I wonder if there is some motorcycle-riding legislator who would get us some new law to use the emergency lane in stalled or slow-moving traffic.

Preston Welch

Seal Beach

Even if the entire California Legislature rode motorcycles, it’s pretty unlikely they would pass a law granting motorcyclists permission to use the emergency lane. After all, there would be no surer way to anger all those car-driving constituents barred from using the lane.

Transportation officials routinely cite a number of reasons for prohibiting motorcycles and other vehicles from using the emergency lanes as an escape hatch during traffic jams. It presents a safety hazard, they say, because stalled cars are often parked in the emergency strip or Highway Patrol officers are pausing there to monitor traffic.
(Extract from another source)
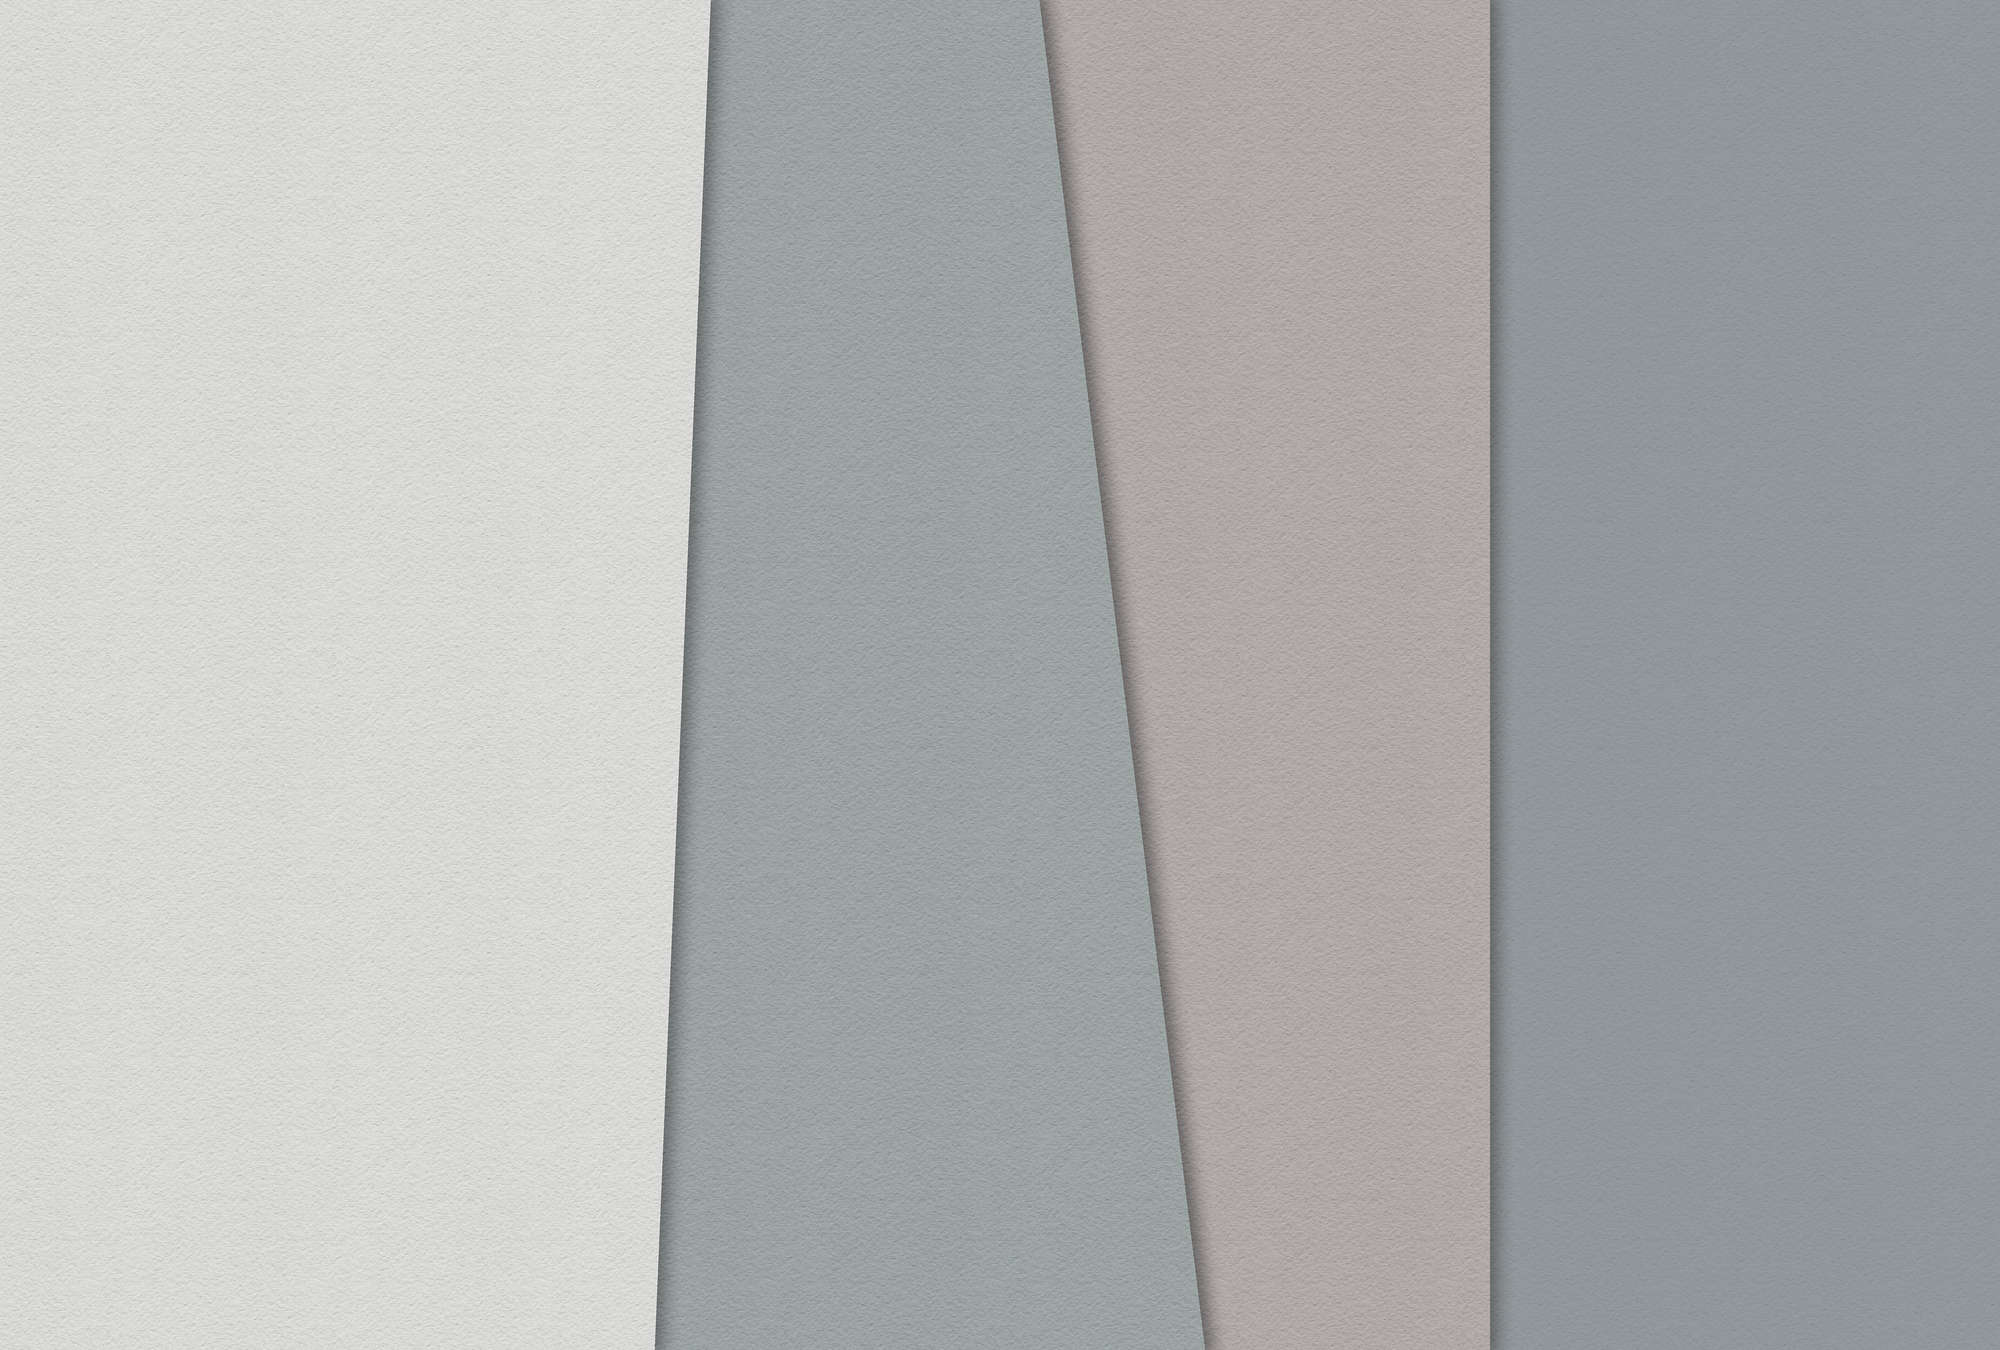             Layered paper 1 - Papier peint graphique avec aplats de couleurs dans une structure de papier à la cuve - bleu, crème | structure Intissé

In such circumstances, motorcyclists could create a safety problem as they swing from the emergency lane into the regular traffic lanes.

It should be noted, however, that the use of the emergency lane during periods of peak congestion is not without precedent. Motorists for a time were allowed to use the emergency lane on the southbound Santa Ana Freeway out of downtown Los Angeles during the crowded afternoon commute.

But that rule wasn’t discriminatory: It was applied to both cars and motorcycles. Moreover, the emergency lane in that section of freeway no longer exists. Recognizing the need to expand the freeway in the spot, state highway officials converted it into a regular traffic lane.